02 setembro 2004

As cobras do sonho


Dormi mal pra caramba, sonhei com cobras a noite toda, acordei aflita com a campainha. Era a faxineira, insistente, positiva e operante. Calma, diacho, deixa eu vestir as calças. Saí apertando os olhos, a claridade, o pé ainda meio manco, já vai! Ela bufava do outro lado da porta, impaciente, enquanto eu girava a chave. São duas voltas, bolas!

Bom dia, bom dia. A senhora precisa comprar mais Veja - ela já exigia, e eu pensando que ela é quem precisa comprar mais Época, bolas outra vez! Ah, sim, é Veja Multi-Uso, calma. Eu, logo que acordo, já não sou boa companhia. Menos ainda tendo sonhado com cobras. Vem direto me falar como devo gastar meu suado dinheirinho? Tá pedindo, né?

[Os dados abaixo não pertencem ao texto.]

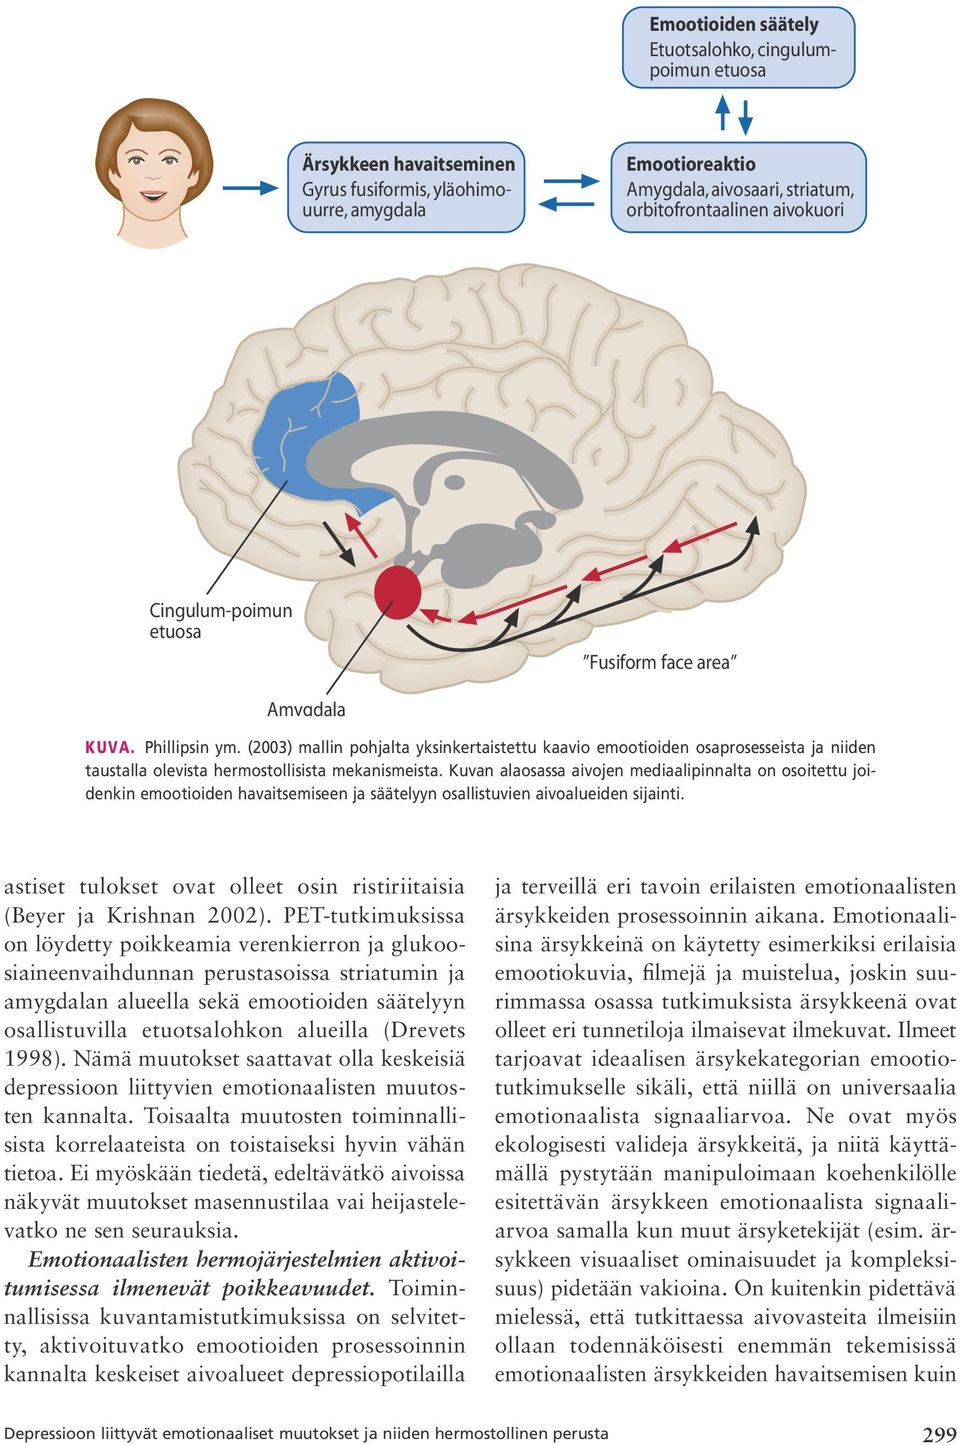 (2003) mallin pohjalta yksinkertaistettu kaavio emootioiden osaprosesseista ja niiden taustalla olevista hermostollisista mekanismeista.

Tem dia que a gente briga até com a sombra. Hoje foi assim. Cadê que o meu cabelo dava jeito? Já disse, preciso comprar uma cortina urgente, esse sol direto na minha testa, raios, não há Cristo. Cortaram meu celular porque atrasei uns dias. Alguém telefonou pro fixo e desligou na cara de secretária eletrônica, que, como o nome já diz, está aqui para me representar, na minha ausência – ou na minha indecência, ou na deselegância, ou na falta-de-saco’ância - é com ela, e não custa deixar um recado; que eu retorno, sim senhora.

E as cobras, amigo, as cobras do sonho não me deixaram mais em paz durante este dia que não passava; rastejava.

Até que, à tardinha, tocou uma música do Pink Floyd numa rádio inusitada.

E o sol se pôs lindamente, dispensando cortinas.

E o meu cabelo escuro pousou sobre o rosto claro, tão adequado quanto moldura de quadro.

E o mais era conversa fiada; intriga onírica.
As cobras do sonho. Peçonha da oposição.